ATLANTA (FRONTLINE MEDICAL NEWS)The strongest evidence to date that brief psychological therapy is effective in reducing repetition of acts of self-harm comes from a new Cochrane Collaboration meta-analysis.

Current guidelines on management of self-harm provided by the United Kingdom’s National Institute for Health and Care Excellence (NICE) state that psychological therapy “may” prevent recurrent self-harm, but this guidance relied upon limited evidence. The new Cochrane Collaboration review, based on 18 randomized controlled trials, greatly strengthens support for that conclusion, Dr. Keith Hawton said at the annual meeting of the American Association of Suicidology.

“And I’ve got to add, of course, that psychological therapy may be at least as effective in terms of other important outcomes,” observed Dr. Hawton, lead author of the soon-to-be published Cochrane meta-analysis. Dr. Hawton is professor of psychiatry and director of the Centre for Suicide Research at the University of Oxford (England).

The meta-analysis included 11 randomized trials of brief psychological therapy or treatment as usual in adults in which the primary outcome was repetition of self-harm during 6 months of follow-up. There were 146 such events in 663 patients who underwent psychological therapy, compared with 176 events in 640 controls, for an adjusted 43% relative risk reduction.

In 10 trials featuring 12 months of follow-up, some of which were also included in the 6-month analysis, there were 263 events in 1,101 psychotherapy recipients, compared with 308 events in 1,131 controls. That translates into a statistically significant 20% relative risk reduction favoring brief psychotherapy.

Depression scores at last follow-up were significantly lower in the psychotherapy recipients, compared with treatment as usual. So were hopelessness and suicidal ideation scores.

Nine suicides occurred among 1,169 patients randomized to psychotherapy, vs. 15 in 1,185 controls. Although this represents a 34% relative risk reduction, the difference wasn’t significant, because suicide was such a rare event, even in these high-risk patients who – as documented in the Multicentre Study of Self Harm in England – have a 50-fold greater risk of death by suicide in the year following a self-harm event than the risk in the general population.

“This illustrates the problem in using suicide as an outcome, even when you stack up a lot of studies,” Dr. Hawton noted.

The trials in the meta-analysis were conducted throughout the world, so “treatment as usual” in the control arm varied from study to study. But even in the United Kingdom, where the NICE guidelines state that all self-harm patients who present to a hospital should receive a psychosocial assessment, including an evaluation of their needs and risks, a 32-hospital study showed that only 60% of self-harm patients actually get such an assessment, the psychiatrist said.
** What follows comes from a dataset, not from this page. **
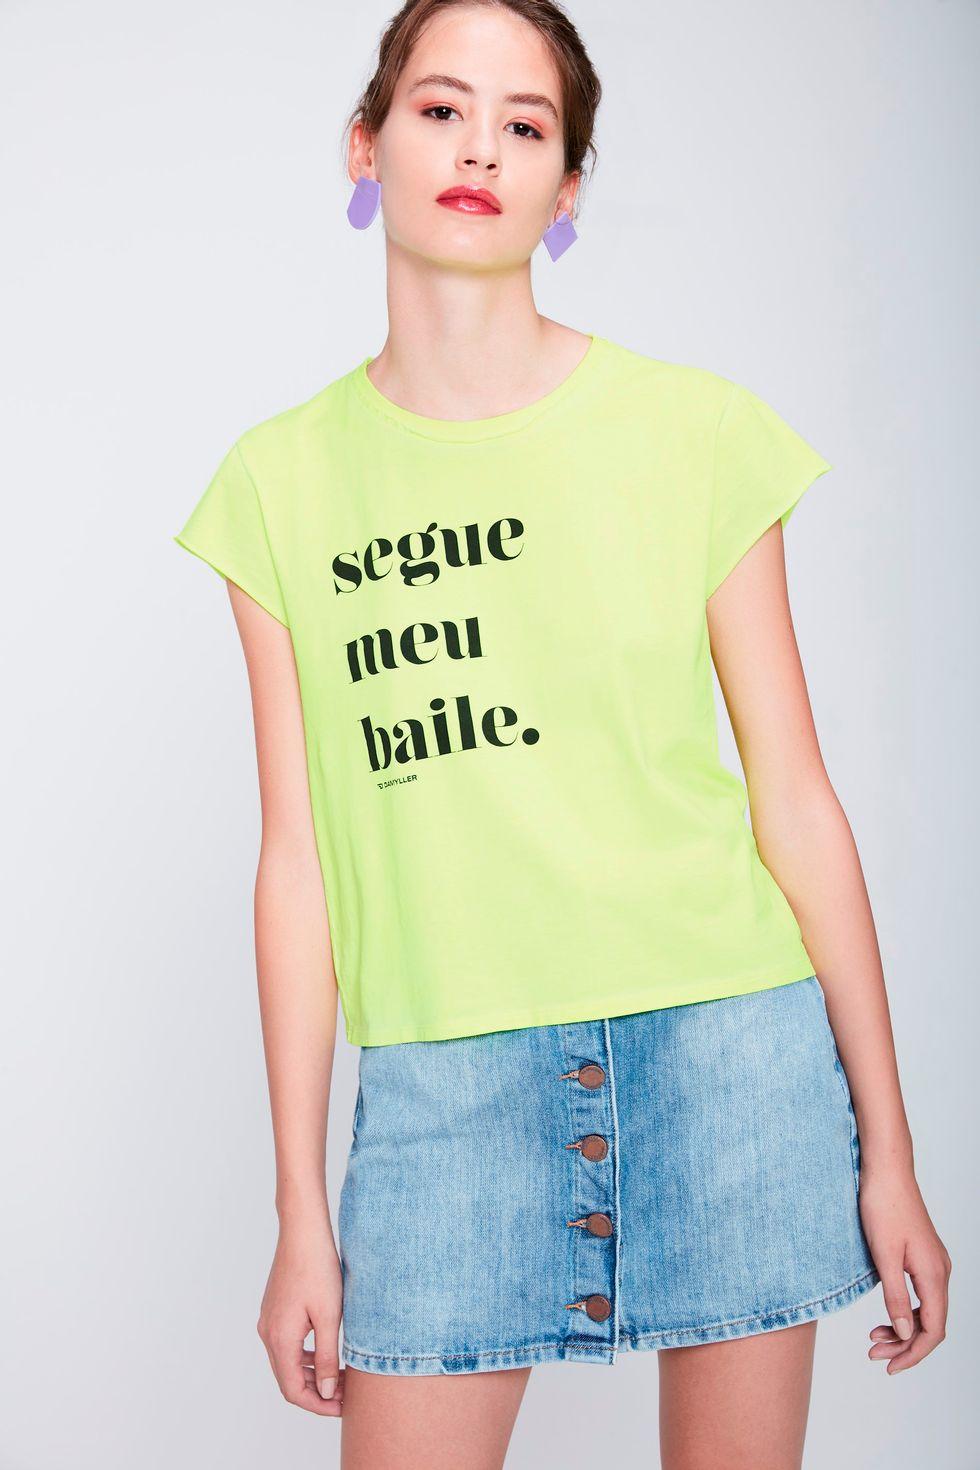 Camiseta-Neon-Segue-Meu-Baile-Feminina-Frente--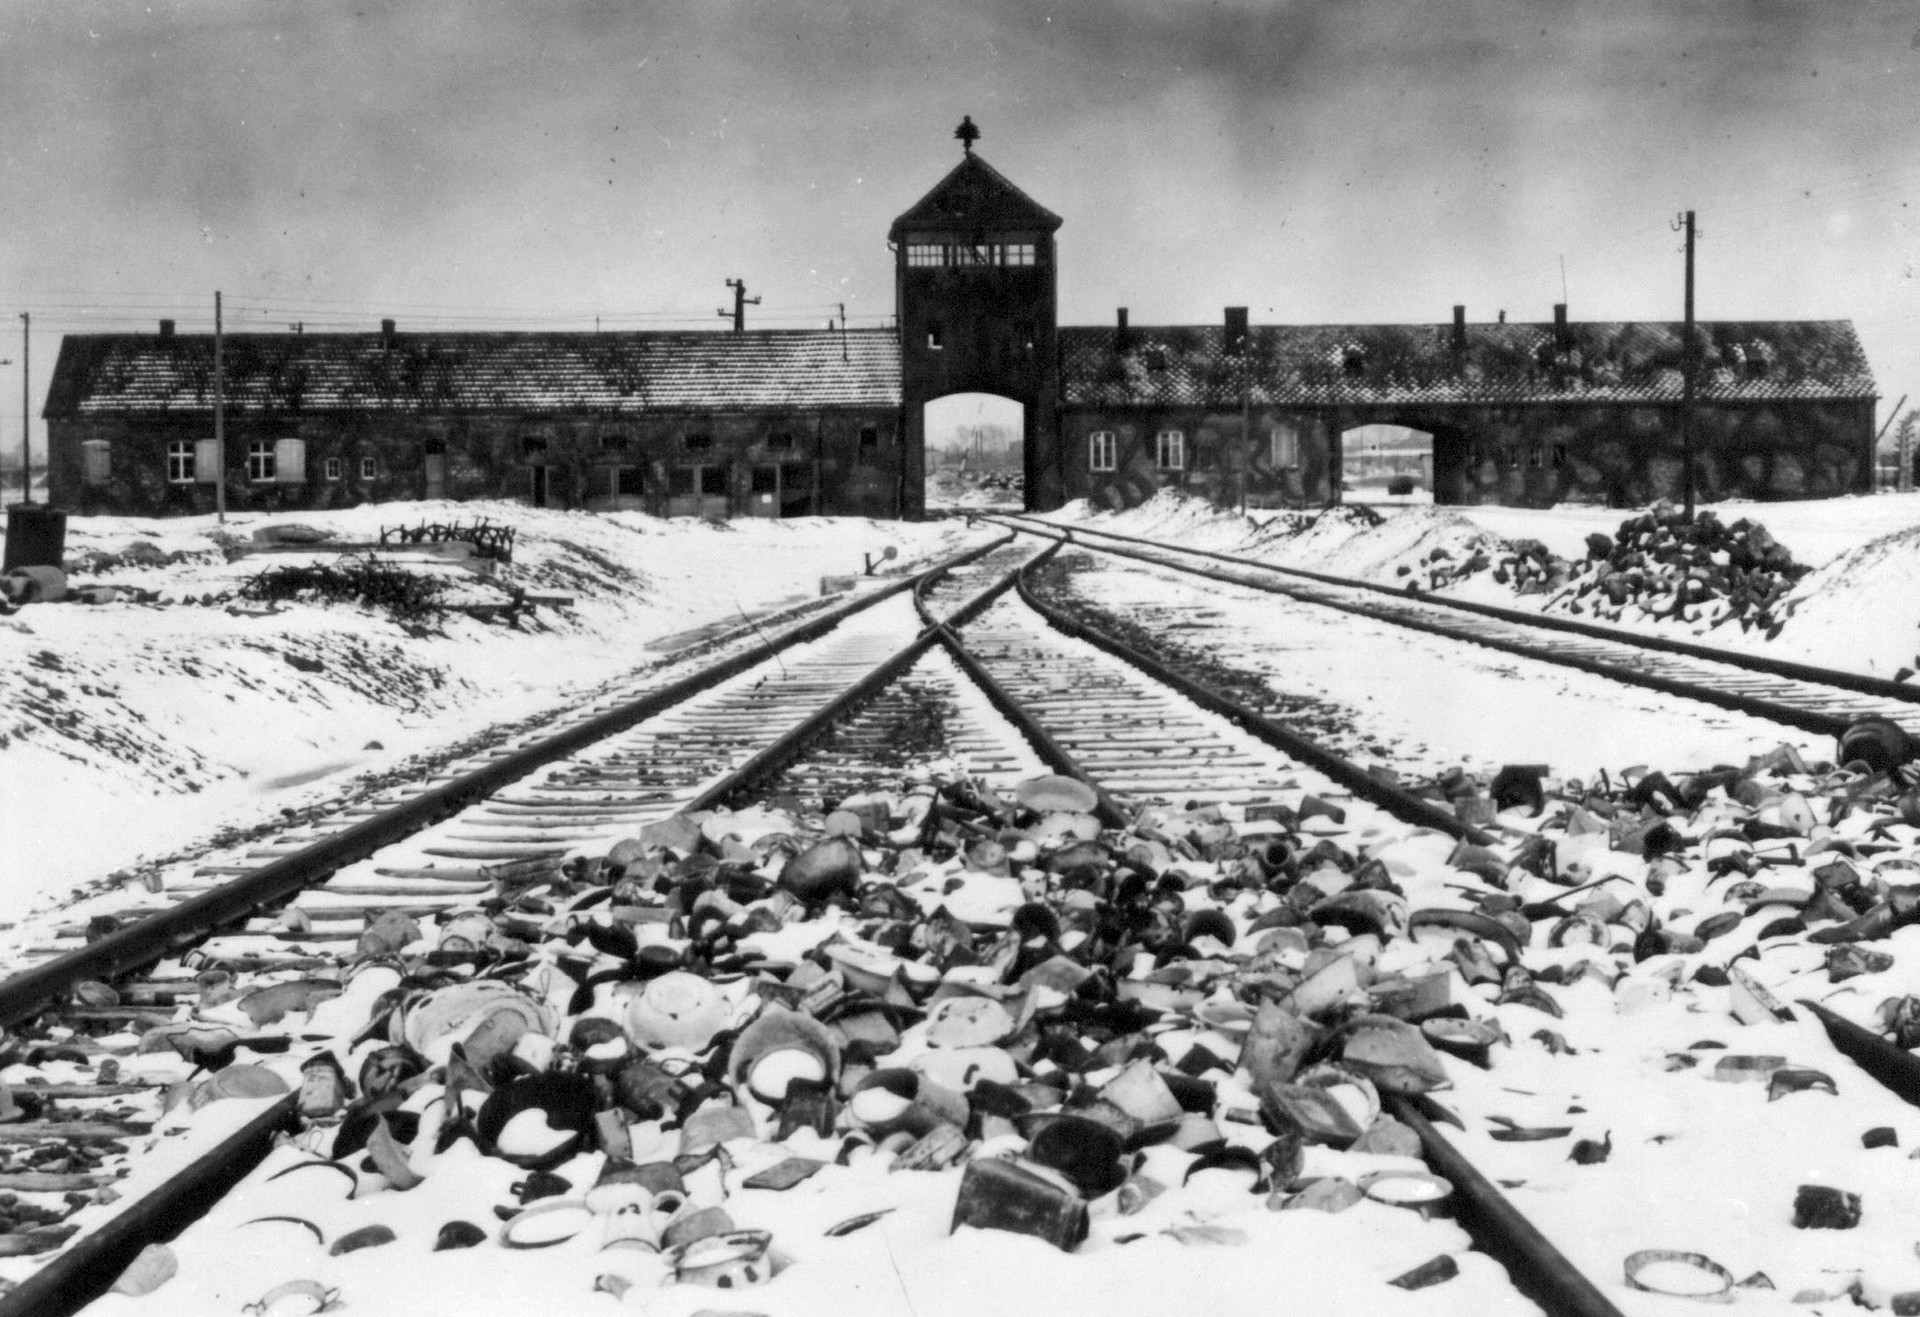 La llamada 'puerta de la muerte' de Auschwitz-Birkenau

A variety of forms of brief psychological therapy for self-harm were employed in the randomized trials. Most involved short-term cognitive-behavioral therapy, problem-solving therapy, or dialectical behavior therapy. Components shared by the various regimens included engagement; a careful examination of the process associated with an individual’s self-harm; problem-solving; cognitive therapy to address the patient’s problems, thoughts, images, and core beliefs; and ongoing monitoring of depression, hopelessness, and thoughts of self-harm.
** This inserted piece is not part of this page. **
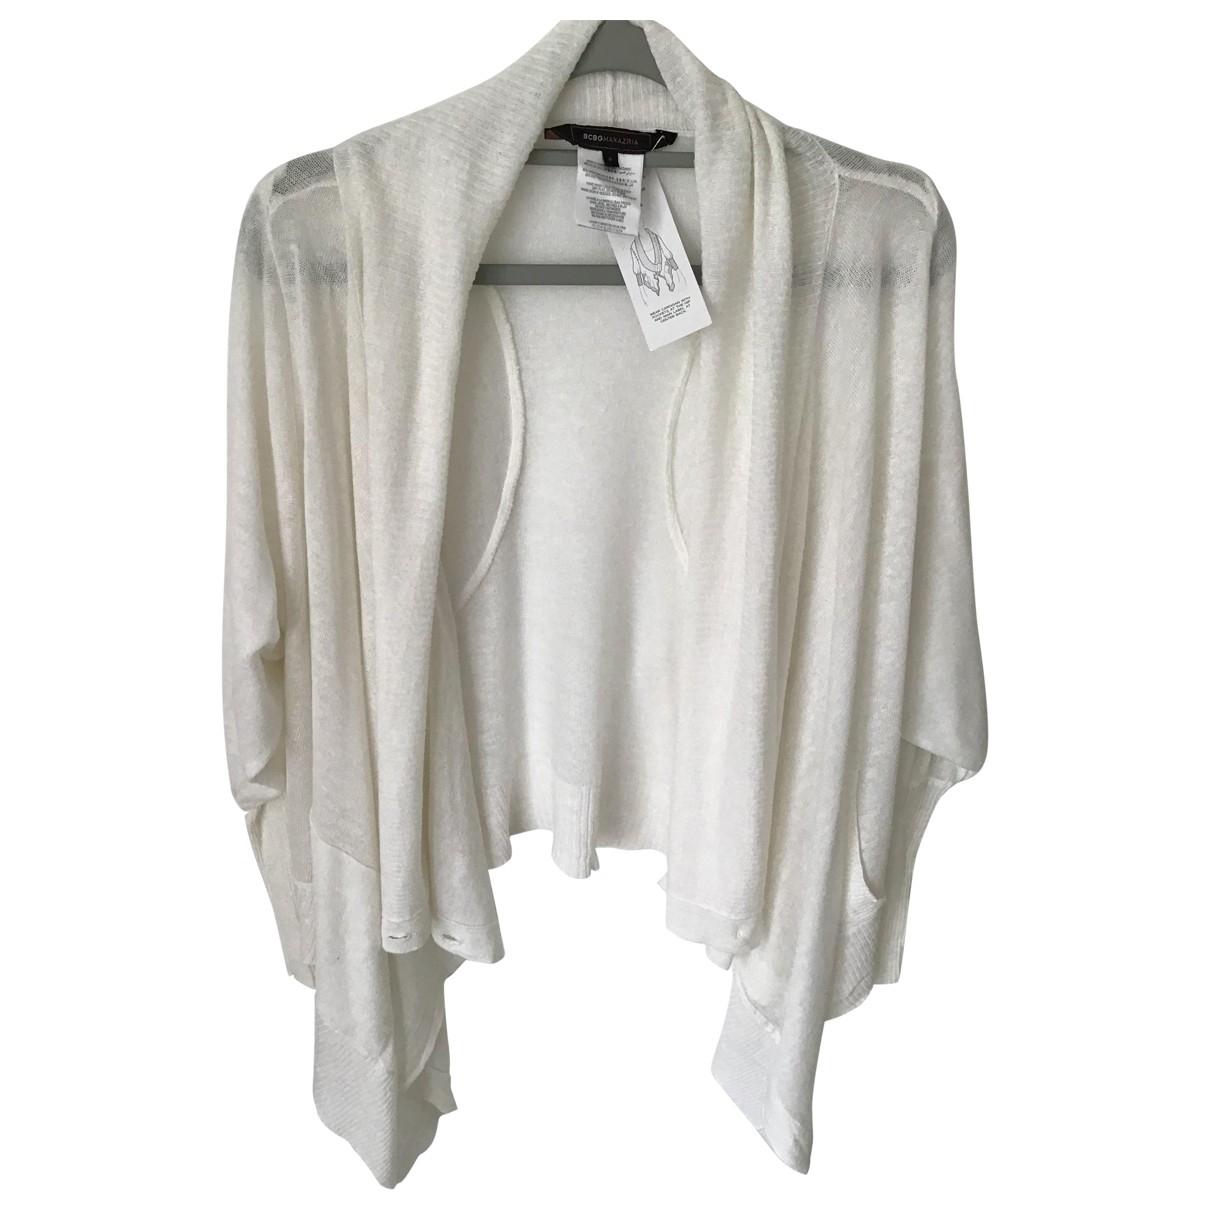 Bcbg Max Azria - Pull   pour femme en lin - blanc

“The self-harm population is very heterogeneous. There’s a wide range of problems and needs. Brief psychological therapy isn’t suitable for all patients. We’ve estimated that about 30% could benefit from this approach,” according to Dr. Hawton.

Based in part upon the Cochrane Collaboration analysis, the local directors of health services across England and Wales recently have received guidance that brief psychological therapy is to be made available routinely to patients seen by self-harm mental health programs, he added.

Self-harm is defined in the United Kingdom as intentional nonfatal self-poisoning or self-injury regardless of the degree of suicidal intent.

Looking ahead, Dr. Hawton cited several developments that show promise as potential new therapies for self-harm patients.

“Mindfulness has achieved great success in recent years, particularly based on very impressive impacts in people with relapsing depression. This is clearly an area that’s going to be developed in relation to the self- harm population. In fact, there is already work going on,” he said.

Similarly, randomized studies are underway evaluating ketamine and its analogs for acute suicidality based upon the highly favorable results reported in treating severe depression.

Internet and mobile telephone–based interventions for self-harm patients are “proliferating” at the moment, Dr. Hawton said.

“One of the issues is how to individualize therapy through these approaches,” he noted.

Dr. Hawton’s research is funded by the National Institute for Health Research. He reported having no financial conflicts.